Someone commented the other day that businesses are expected to show a profit, and so editorial decisions should be aimed in that direction.
First of all, duh.
Second, however, is that the editorial department knows f***-all about marketing, and their decisions have more do with split infinitives than with getting people to buy the damn newspaper.
I say that as someone with half a century in media, about half in editorial and half in marketing, including having completely redone a comics page, dailies and Sundays.
I’ve seen every aspect, worked every department in the industry. I have dwelt in the belly of the beast.
Those who come to the AAEC Convention in Columbus next week can find out more. I prefer porter or stout, and if you keep them coming, I’ll keep the stories coming, because, boy-jayzus, can I lay out the details when the lawyers aren’t eavesdropping.
So anyway.
I don’t know how cartoonists will deal with an industry that despises its readers.

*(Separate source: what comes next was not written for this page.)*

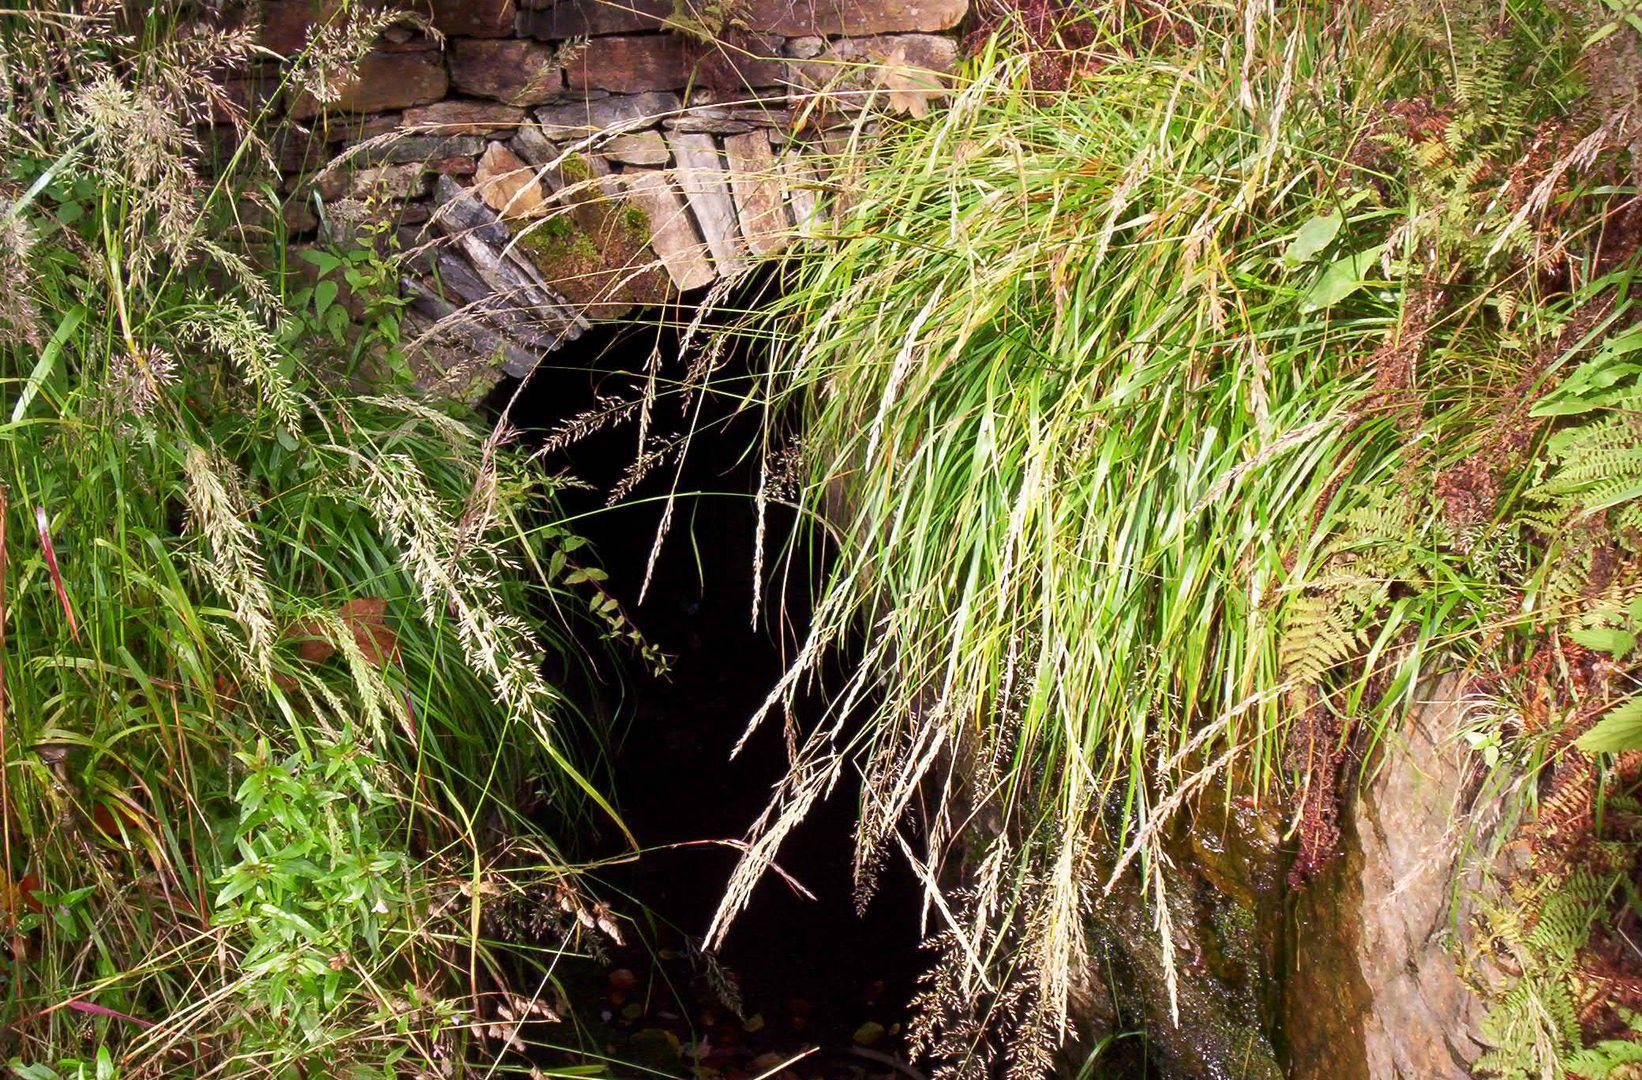 Eingang zu einem längst vergessenem unterirdischen Gang

But I do know this: If you claim to like comics, you need to support two websites:
Comics Kingdom, home of King Features’ syndicate, which is currently offering a free month, after which it’s $29.95 a year.
And GoComics, which also has a special on, and is only $19.95 a year, which I mention second because they’re technically my bosses.
Now, let’s be honest: Ain’t nobody gonna get rich from this.
But, on the other, hand, cartoonists won’t get anything from you subscribing to some sad-ass paper that doesn’t carry their work at all. So plan your spending accordingly.
Also, that five dollar cappuccino half-caf whatever every morning adds up to one helluva lot more than 50 bucks over a year. If you consider yourself a coffee lover — or a monkey lover — good on you.
But if you consider yourself a comics lover and you’re still copping your comics for free, maybe you don’t love them all that much. Or maybe you haven’t given things a whole lot of thought.
Drop that note off to the people at your local paper. Now. Not tomorrow. Not later. Now. Today. Now.
And if it includes a cancellation, so much the better. Get their attention.
Meanwhile, if you like comics, if you’re not just bullshitting us and yourself, sign up for both Comics Kingdom and GoComics and then pick out a couple of cartoonists whose patreons you are willing to support and support them, too.
But, otherwise, don’t insult us by telling us how much you love comics.
Nobody wants to hear that half-assed, weak-kneed Freddy shit anymore.